Counts and length of annotated features are provided below for each assembly.

Feature counts

Feature	Hazt_2.0.2
Genes and pseudogenes	18,714
protein-coding	17,163
non-coding	1,488
Transcribed pseudogenes	0
Non-transcribed pseudogenes	62
genes with variants	3,155
Immunoglobulin/T-cell receptor gene segments	0
other	1
mRNAs	22,601
fully-supported	16,868
with > 5% ab initio	2,930
partial	2,041
with filled gap(s)	867
known RefSeq (NM_)	0
model RefSeq (XM_)	22,601
non-coding RNAs	1,804
fully-supported	1,433
with > 5% ab initio	0
partial	2
with filled gap(s)	2
known RefSeq (NR_)	0
model RefSeq (XR_)	1,504
pseudo transcripts	0
fully-supported	0
with > 5% ab initio	0
partial	0
with filled gap(s)	0
known RefSeq (NR_)	0
model RefSeq (XR_)	0
CDSs	22,614
fully-supported	16,868
with > 5% ab initio	3,294
partial	1,942
with major correction(s)	363
known RefSeq (NP_)	0
model RefSeq (XP_)	22,614

Detailed reports

The counts below do not include pseudogenes.

Feature lengths

Feature	Count	Mean length (bp)	Median length (bp)	Min length (bp)	Max length (bp)
Genes	18,652	12,217	7,064	53	444,699
All transcripts	24,405	2,698	2,098	53	60,718
mRNA	22,601	2,838	2,220	189	60,718
misc_RNA	211	2,897	2,164	121	11,207
tRNA	298	73	73	53	87
lncRNA	1,224	859	515	74	16,328
snoRNA	13	136	136	66	214
snRNA	48	126	116	102	193
rRNA	9	841	153	119	3,398
Single-exon transcripts	733	1,472	1,074	267	12,422
coding transcripts (NM_/XM_ )	733	1,472	1,074	267	12,422
CDSs	22,614	1,819	1,314	156	58,620
Exons	139,717	347	158	1	17,704
in coding transcripts (NM_/XM_ )	136,064	347	159	1	17,704
in non-coding transcripts (NR_/XR_ )	4,372	321	130	2	8,493
Introns	120,620	1,706	593	30	241,947
in coding transcripts (NM_/XM_ )	118,216	1,708	593	30	241,947
in non-coding transcripts (NR_/XR_ )	3,083	1,605	551	30	102,108

Transcripts per gene, exons per transcript

	Mean	Median	Min	Max
Number of transcripts per gene	1.31	1	1	50
Number of exons per transcript	7.81	6	1	141

BUSCO analysis of gene annotation

BUSCO v4.1.4 was run in "protein" mode on the annotated gene set picking one longest protein per gene, and run using the arthropoda_odb10 lineage dataset. Results are reported for the gene set from the primary assembly unit, and presented in BUSCO notation.

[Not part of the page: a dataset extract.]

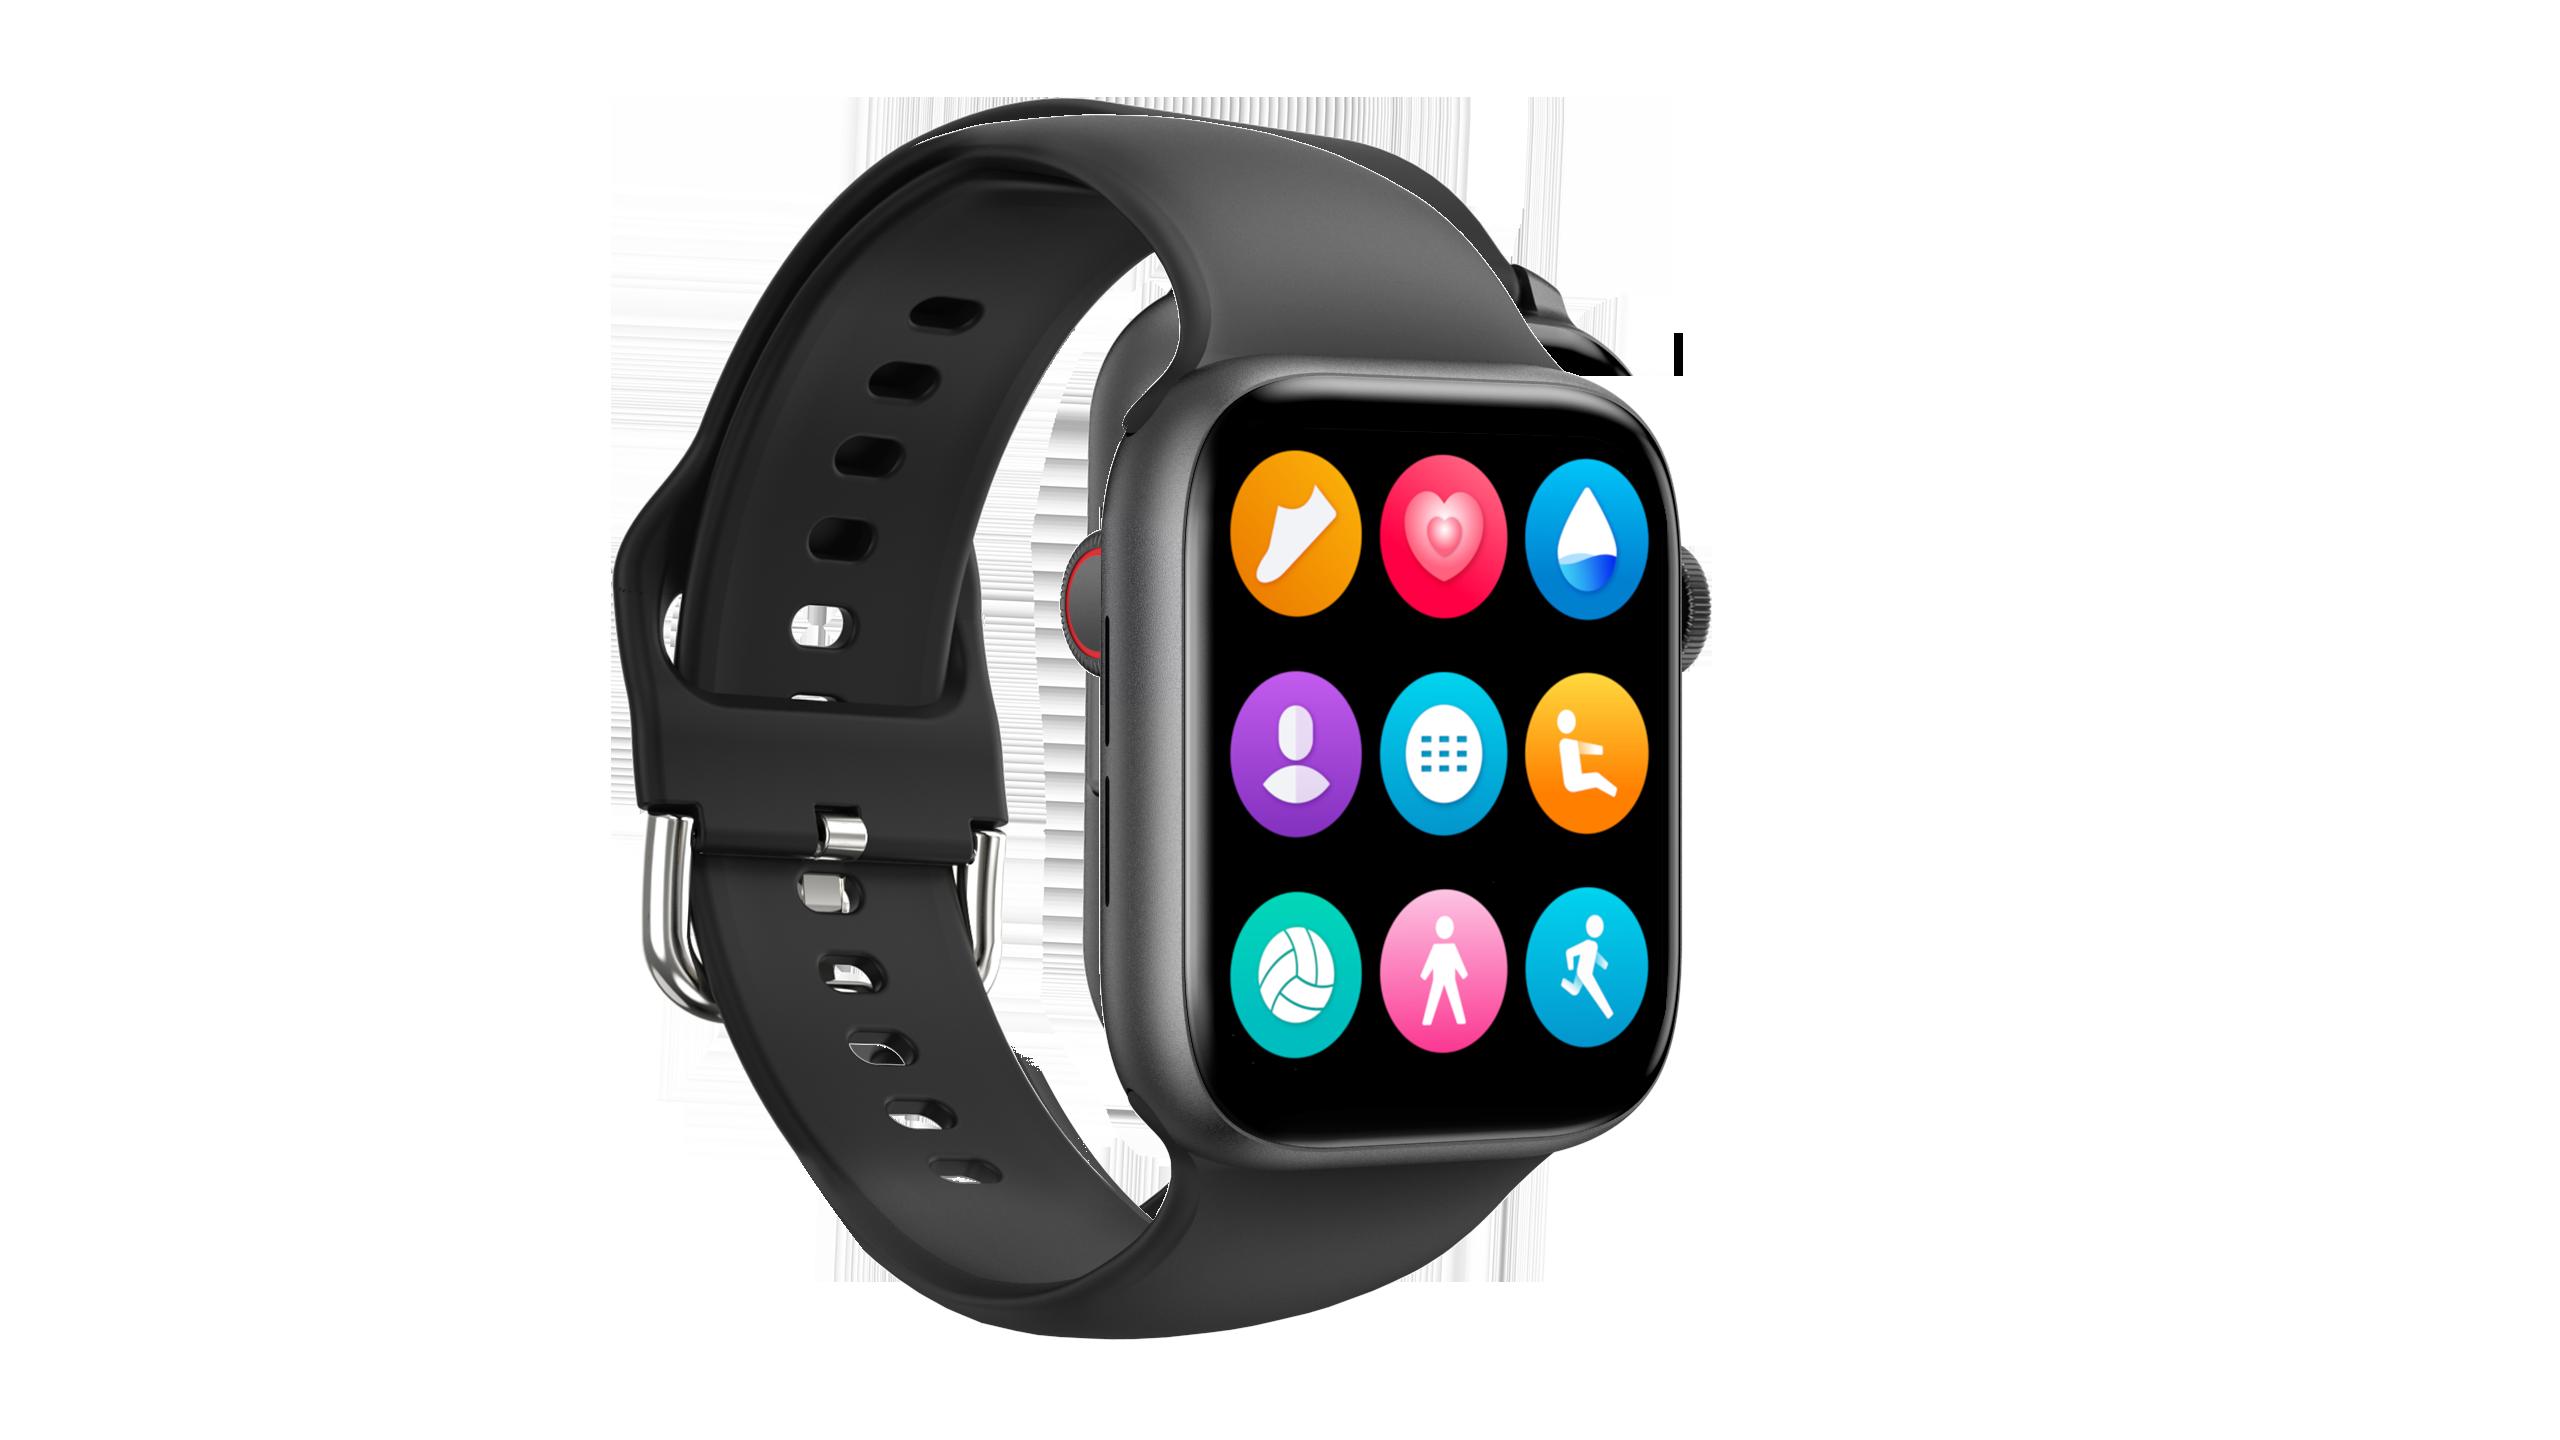 T800 Smart watch
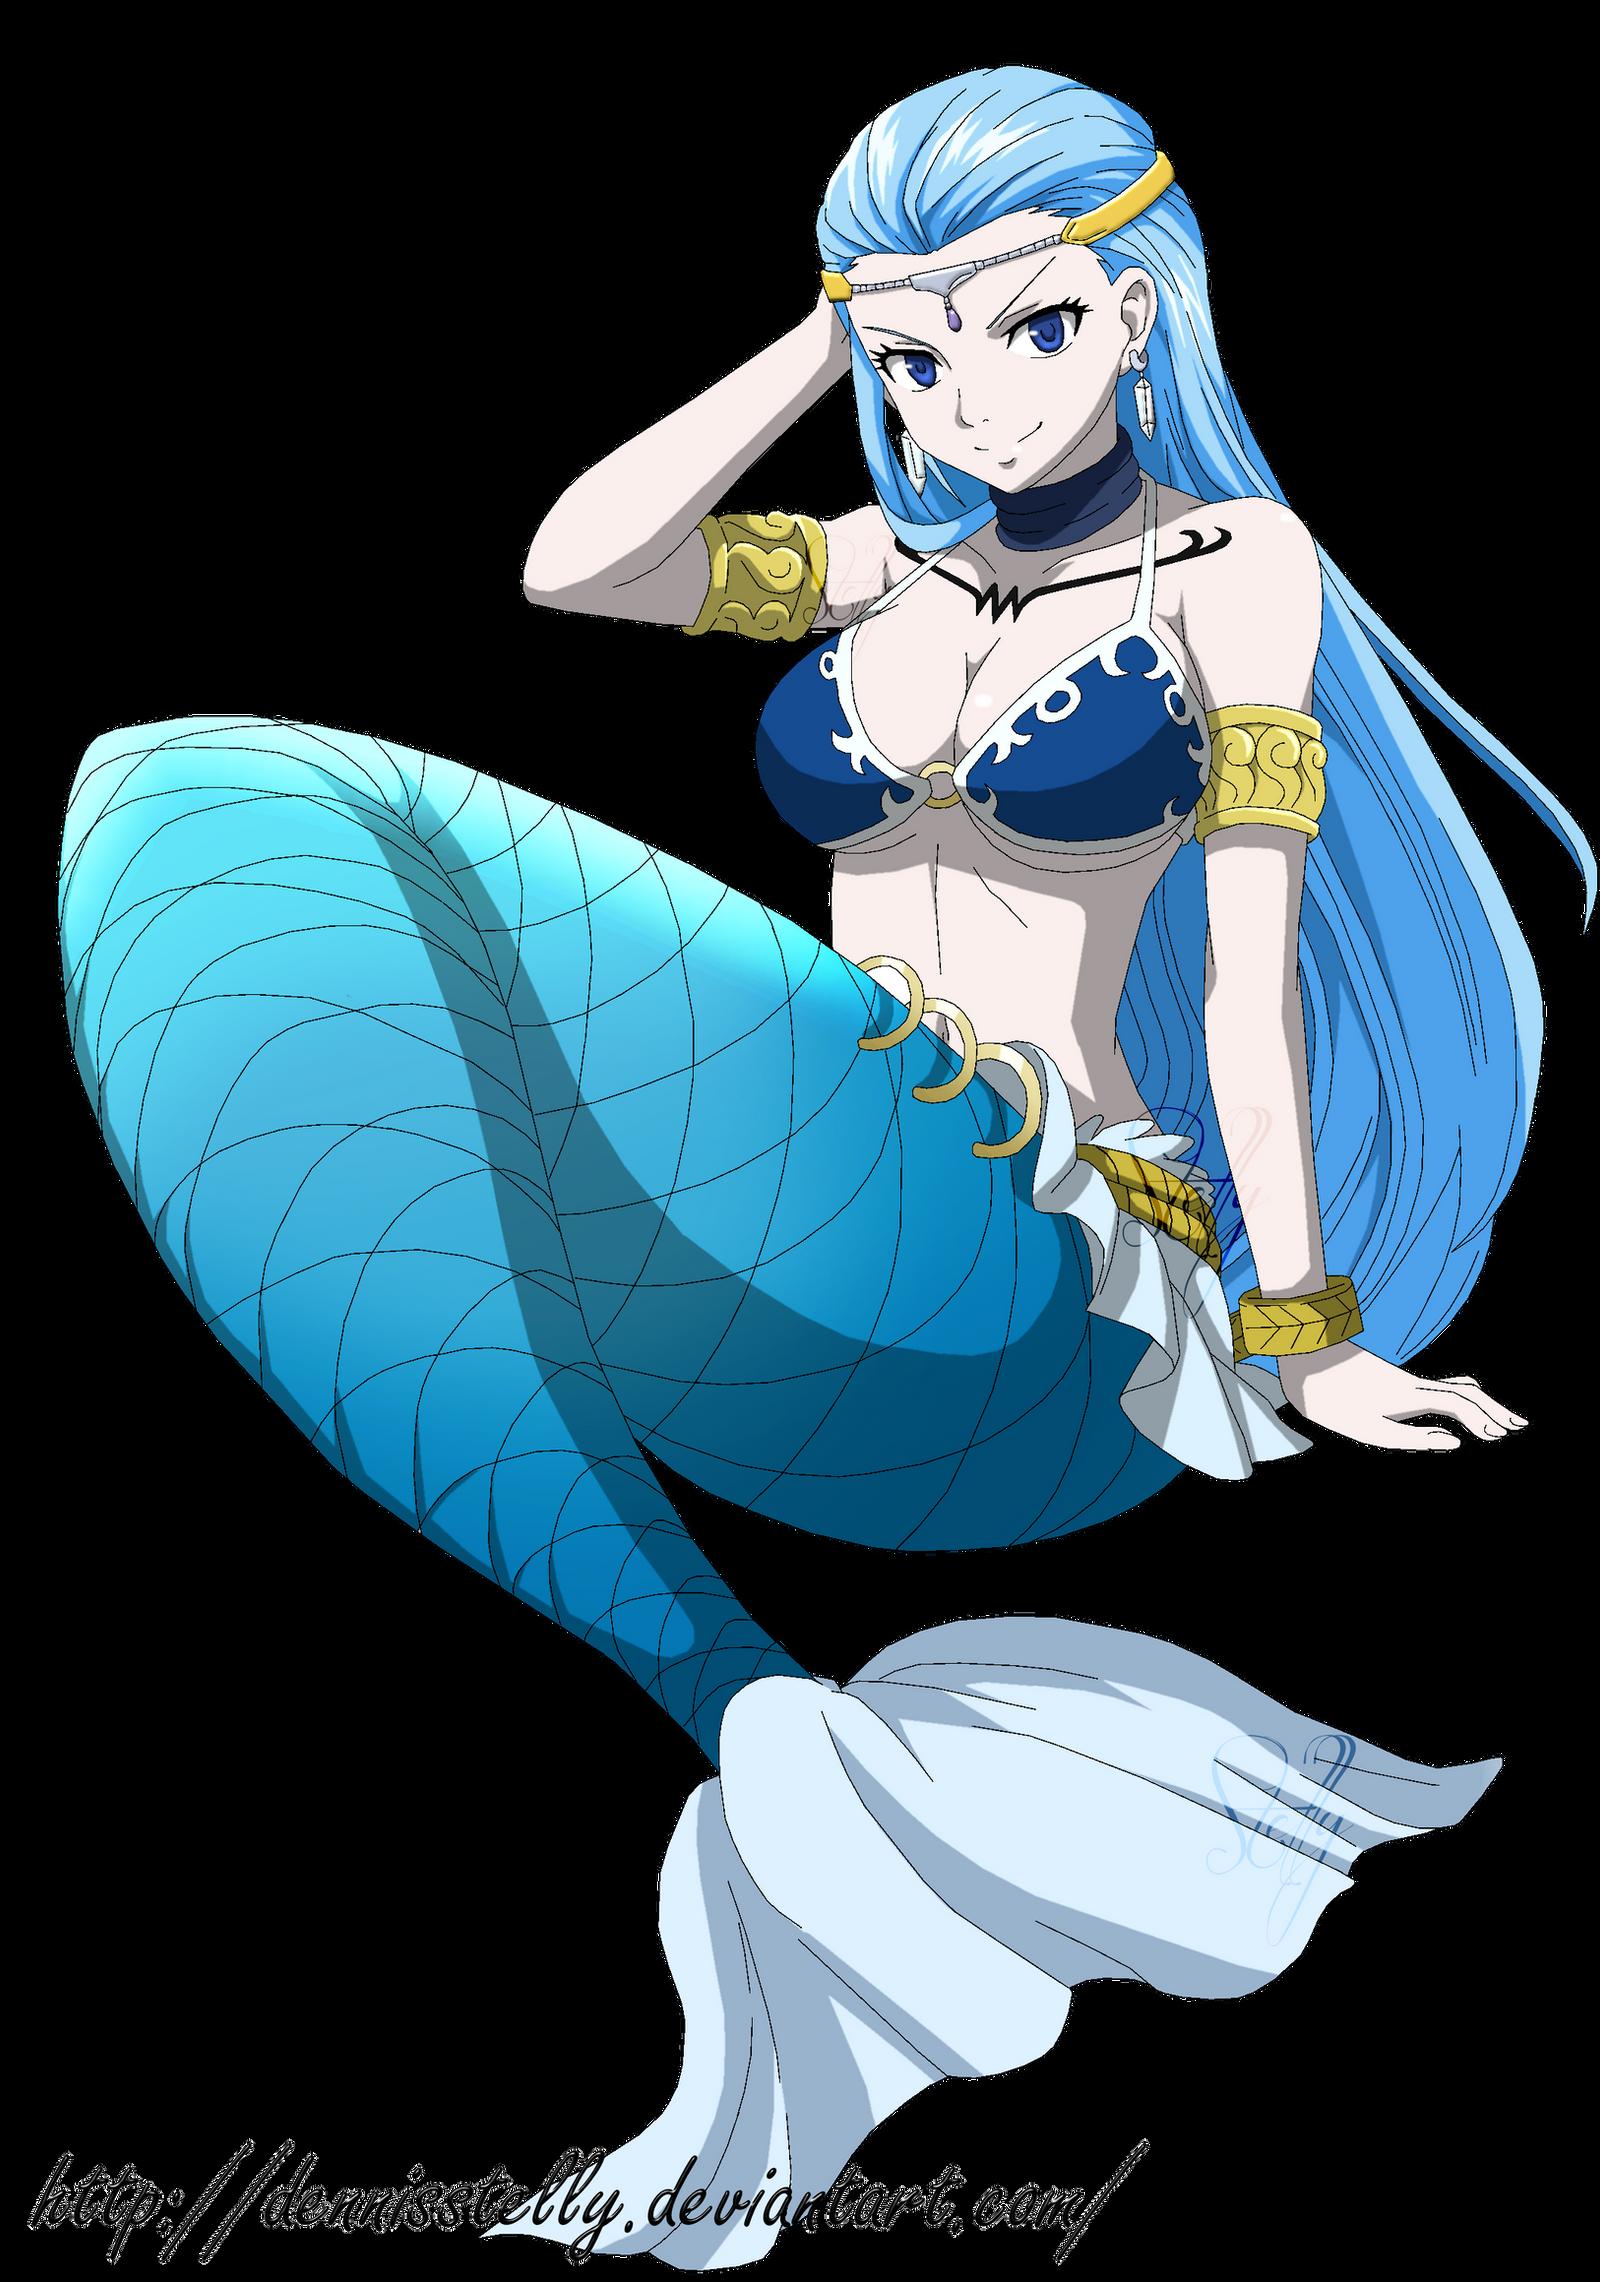 Aquarius fairy tail cosplay

Alignment of the annotated proteins to a set of high-quality proteins

The final set of annotated proteins was searched with BLASTP against the UniProtKB/Swiss-Prot curated proteins, using the annotated proteins as the query and the high-quality proteins as the target. Out of 17150 coding genes, 9993 genes had a protein with an alignment covering 50% or more of the query and 1738 had an alignment covering 95% or more of the query.

Definition of query and target coverage. The query coverage is the percentage of the annotated protein length that is included in the alignment. The target coverage is the percentage of the target length that is included in the alignment.

Below is a cumulative graph displaying the number of genes with alignments above a given query or target coverage threshold. For comparison, corresponding statistics for other organisms annotated by the NCBI eukaryotic annotation pipeline were added to the graph.

Query: annotated proteins
Target: UniProtKB/Swiss-Prot curated proteins

Masking of genomic sequence

Transcript and protein alignments are performed on the repeat-masked genome. Below are the percentages of genomic sequence masked by WindowMasker and RepeatMasker (if calculated), for each assembly. RepeatMasker results are only calculated for organisms with complete Dfam HMM model collections.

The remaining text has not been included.